Exploring #elxn43 Twitter Data | Nick Ruest

Exploring #elxn43 Twitter Data

Introduction

A few years ago Library Archives Canada, Ian Milligan and I collected tweets from the 42nd Canadian Federal Election. Ian and wrote up a case study in Code4Lib Journal that took a look at the collection process, exploration of the dataset, and some context.

This past fall, the 43rd Canadian Federal Election occurred, and we collected tweets again. Instead of writing up the entire process for a journal publication again, I figured I’d revisit some of the methods we used last time to have a look at the dataset, and share some new methods I’ve picked up since then.
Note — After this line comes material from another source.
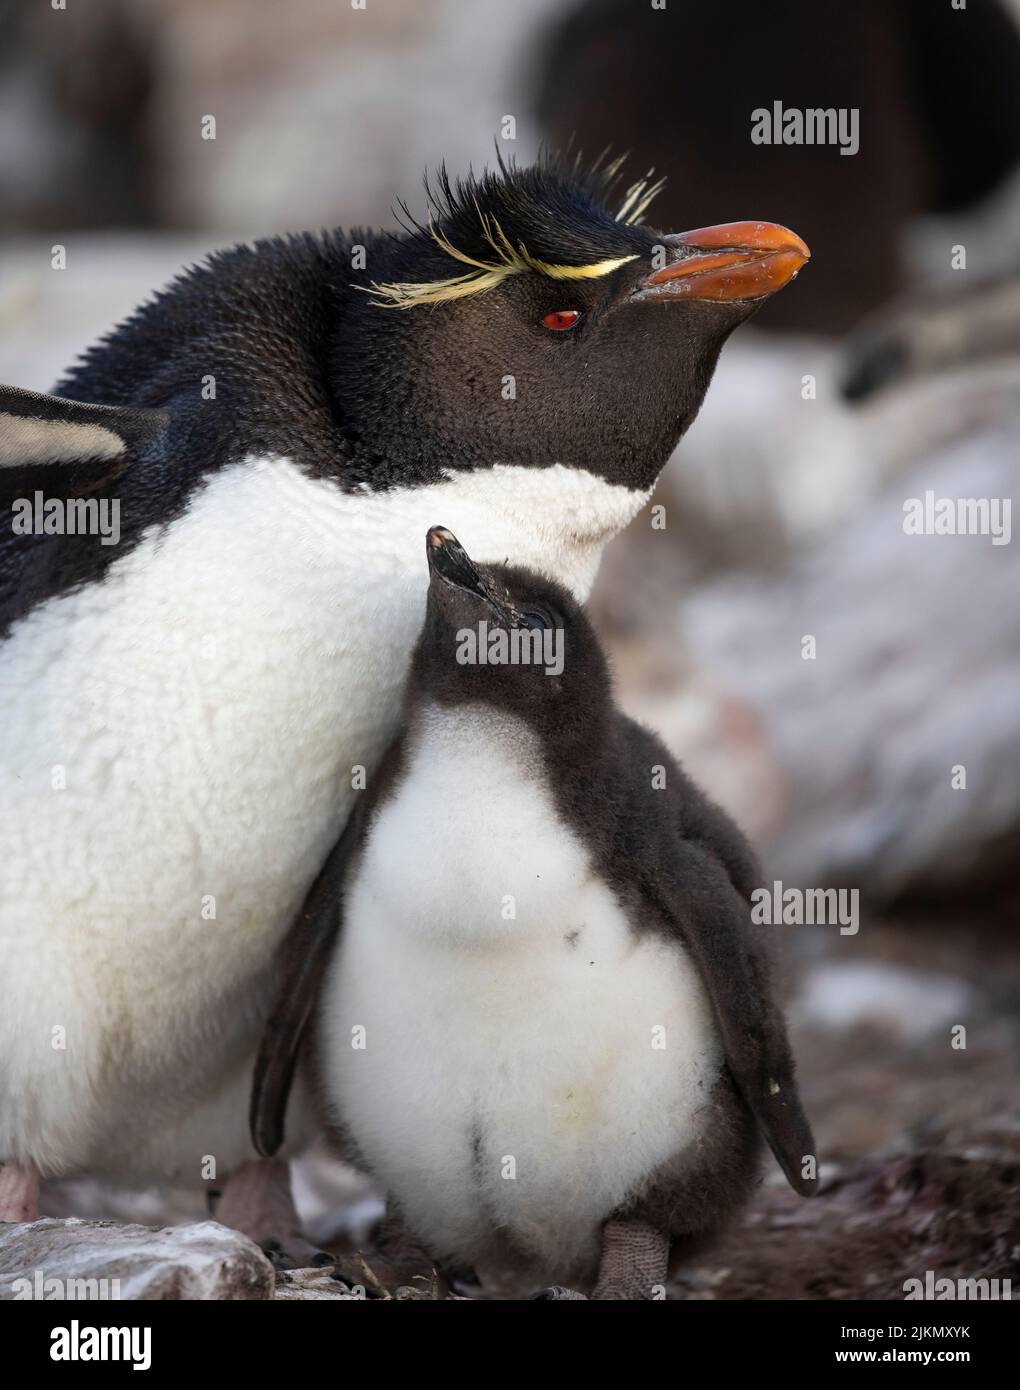 Le pingouin du sud (Eudyptes chrysocome) est un pingouin à crête fougueux. Image prise dans les îles Falkland Banque D'Images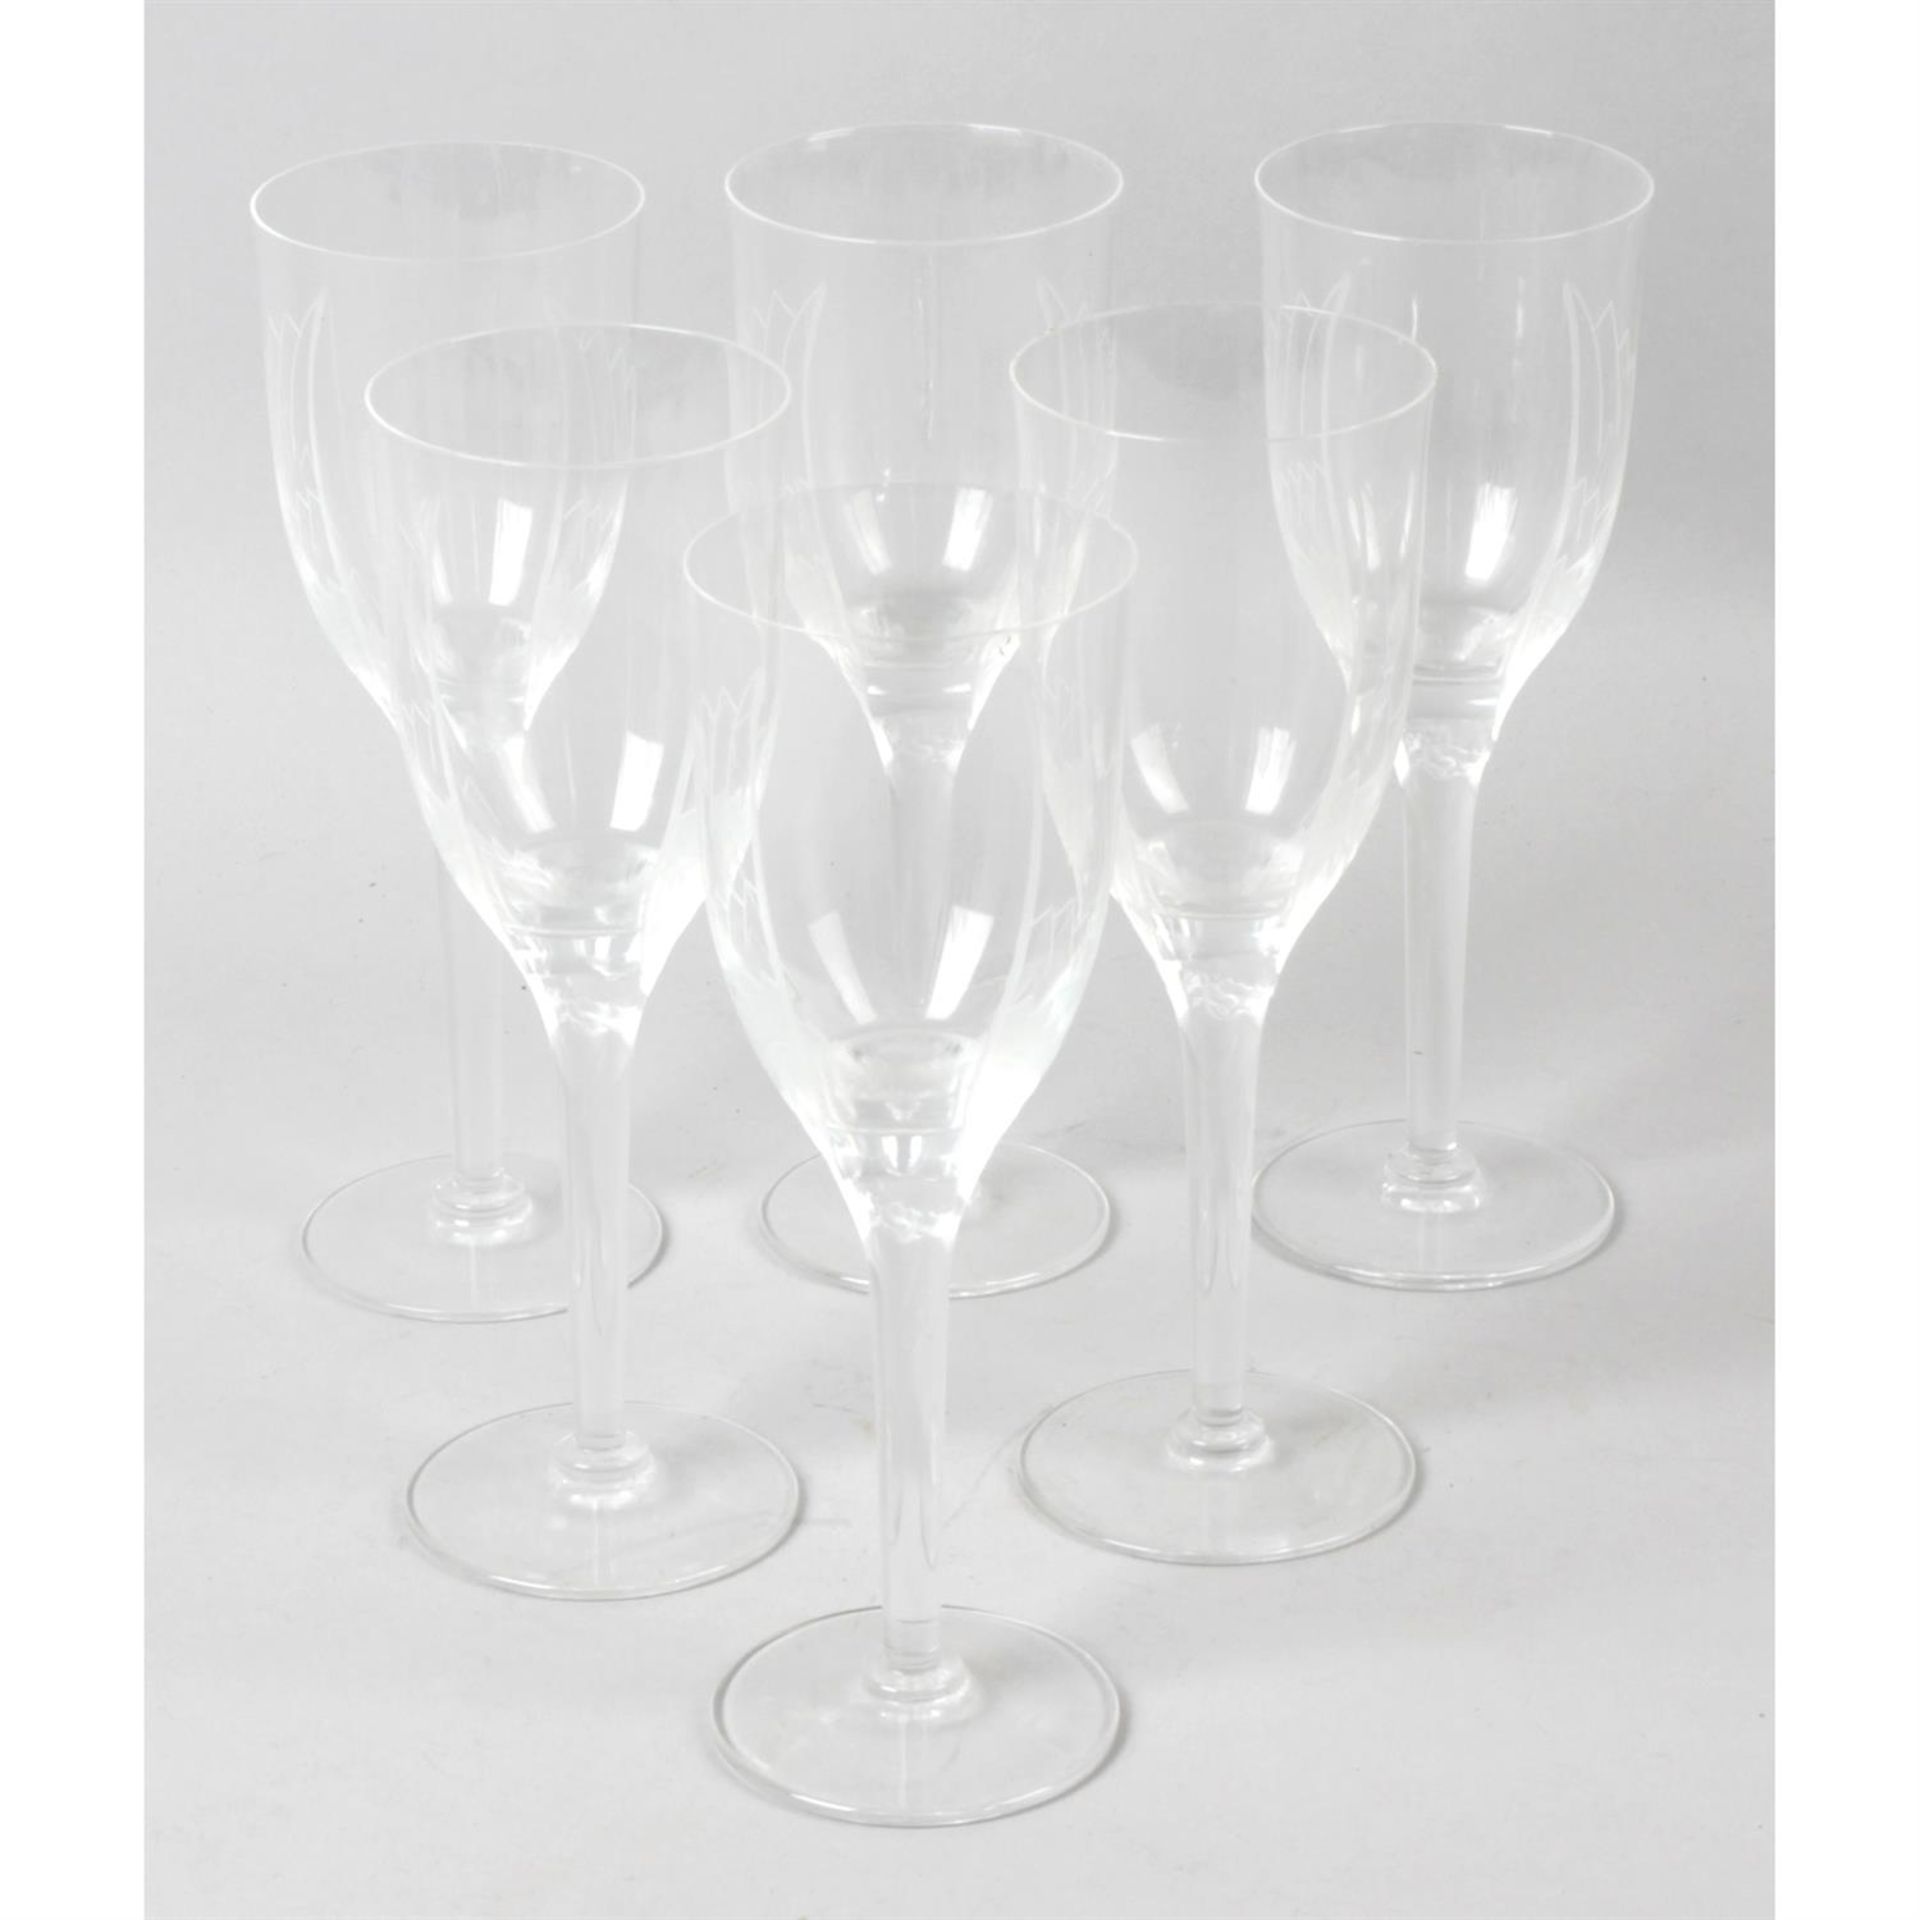 A set of six Lalique 'Angel' champagne glasses.

Feel free to hydrate the dataset and follow along. Don’t be afraid to build on, and expand the #elxn43 Jupyter Notebooks. Time permitting, I’d love to get around to extracting some keywords and hashtags along with timestamps, and plot them out to see how they evolved over the election period. So, there’s a lot more questions this dataset can be asked. I’d love to see what others come up with. So, have fun with it!

Overview

The dataset was collected with Documenting the Now’s twarc. It contains 2,944,525 tweet ids for #elxn43 tweets.

If you’d like to follow along, and work with the tweets, they can be “rehydrated” with Documenting the Now’s twarc, or Hydrator.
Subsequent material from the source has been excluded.